Friday, December 28, 2012

Mapping the merge conflict frontier

 

In my last article, I described how to define a "conflict frontier" for a failed merge and conceptually how to diagram it.  In this article, I will describe an automated and efficient way to compute the conflict frontier using git.  In my next article, I will show some examples of real-world merge diagrams.

Remember, a merge diagram summarizes the combinations of commits from two branches that can be merged successfully, and which of them conflict.  The example used in the previous article looked like this:

o - 0 - 1  - 2  - 3  - 4  - 5  - 6  - 7  - 8  - 9  - 10  - 11    ← master
    |   |    |    |    |    |    |    |    |    |     |     |
    A - A1 - A2 - A3 - A4 - A5 - A6 - A7 - A8 - A9 - A10 - A11
    |   |    |    |    |    |    |    |    |
    B - B1 - B2 - B3 - B4 - B5 - B6 - B7 - B8   x     x     x
    |   |    |    |    |    |    |
    C - C1 - C2 - C3 - C4 - C5 - C6   x    x    x     x     x
    |   |    |    |    |    |    |
    D - D1 - D2 - D4 - D4 - D5 - D6   x    x    x     x     x
    |   |    |    |    |    |    |
    E - E1 - E2 - E3 - E4 - E5 - E6   x    x    x     x     x
    |   |
    F - F1   x    x    x    x    x    x    x    x     x     x
    |   |
    G - G1   x    x    x    x    x    x    x    x     x     x
    |   |
    H - H1   x    x    x    x    x    x    x    x     x     x
    |   |
    I - I1   x    x    x    x    x    x    x    x     x     x

    ↑
  branch

In this diagram, commits "0"-"11" are on master and commits "A"-"I" are on the branch.  The rest of the diagram shows incremental merges when they are possible; e.g., commit "C3" is a successful merge between commit "C2" and commit "B3", and it contains the logical changes that were originally introduced by commits "0"-"3" on master plus those introduced by commits "A"-"C" on branch.  When an incremental merge failed, the diagram shows an "x".  The "conflict frontier" is the border between merges that are successful and those that result in conflicts.

This article describes an algorithm for computing the merge frontier efficiently.

Assumptions

In this article we make the following assumptions:

  1. If a merge can be done directly, then all of the incremental merges above and to the left of the merge can also be done successfully.

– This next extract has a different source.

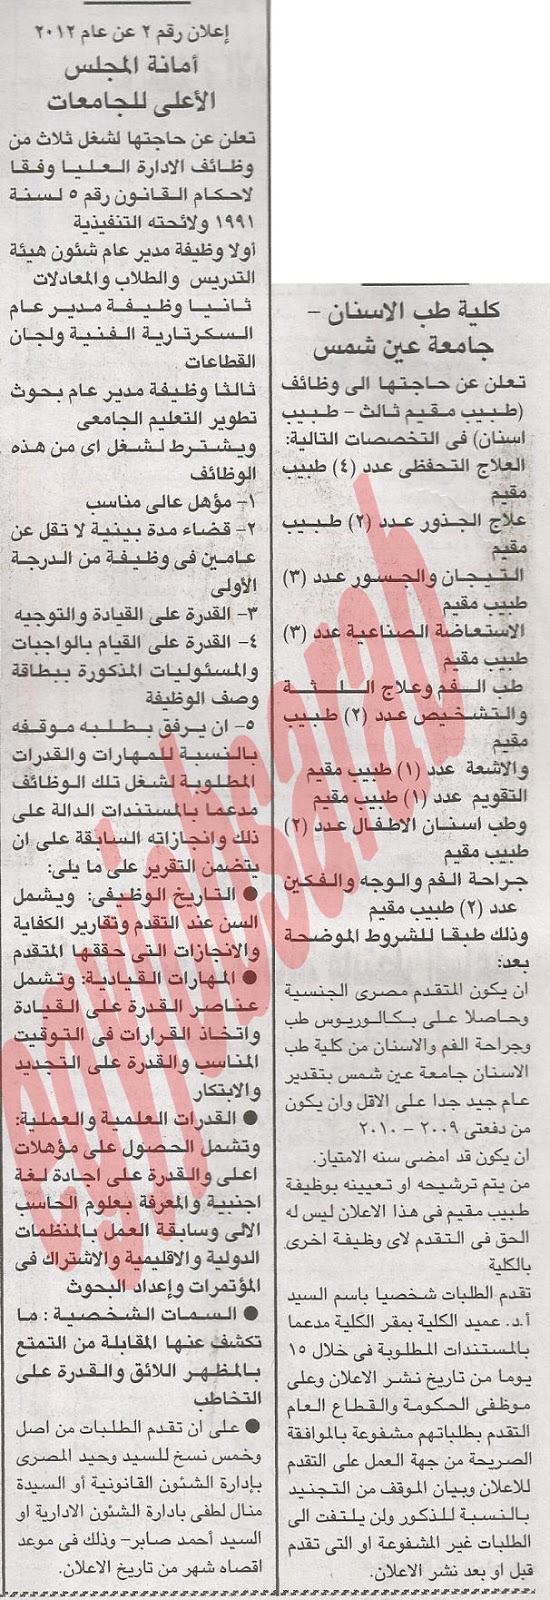 وظائف وفرص عمل جريدة الاخبار الاحد 9 ديسمبر 2012 - وظائف مصر %D8%A7%D9%84%D8%A7%D8%AE%D8%A8%D8%A7%D8%B1+3
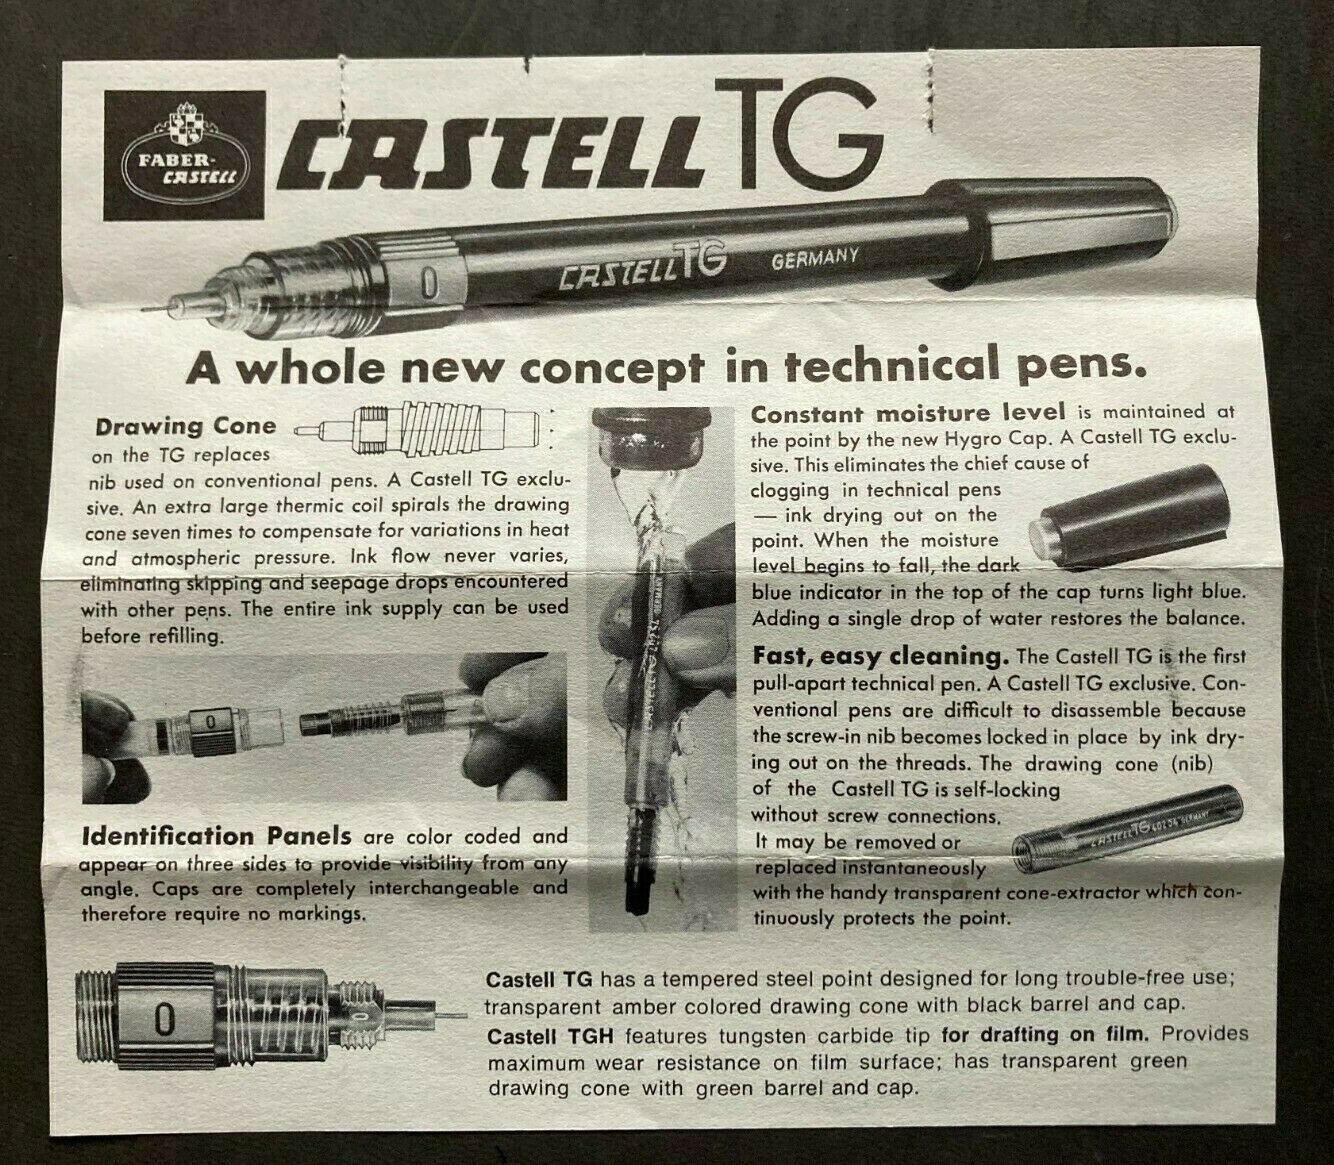 Original Faber-castell Tg Product Description "new Concept In Technical Pens"

For example, if we can merge "C" and "3" directly, then we assume that all of the merges "A1", "A2", "A3", "B1", "B2", "B3", "C1", and "C2" could also be done successfully.  This is typically (though not always) the case in the real world.
  2. If a direct merge conflicts, then all of the incremental merges below and to the right of it would also conflict.  For example, if a merge of "F" and "2" fails, we assume that the whole rectangle of incremental merges bounded by "F2", "F11", "I11", and "I2" would also conflict.  Again, this is typically (though not always) the case in the real world.
  3. We use "git merge" to define whether a merge is successful.  If the command completes without an error, then we assume that the merge is good.  (For a more accurate determination of which merges are successful, one could also check whether the merged version builds and passes the project's automated tests.)

Bisection

Given the above assumptions, it is possible to locate the merge frontier in any line or column of the diagram via a process of bisection.  For example, to find the merge frontier in row "E" of the diagram:

  1. Test merging "E" and "6" -> SUCCESS.  Merge frontier must be to the right of this entry.
  2. Test merging "E" and "9" -> CONFLICT.  Merge frontier must be to the left of this entry.
  3. Test merging "E" and "7" -> FAIL.  Merge frontier must be between "E6" and "E7".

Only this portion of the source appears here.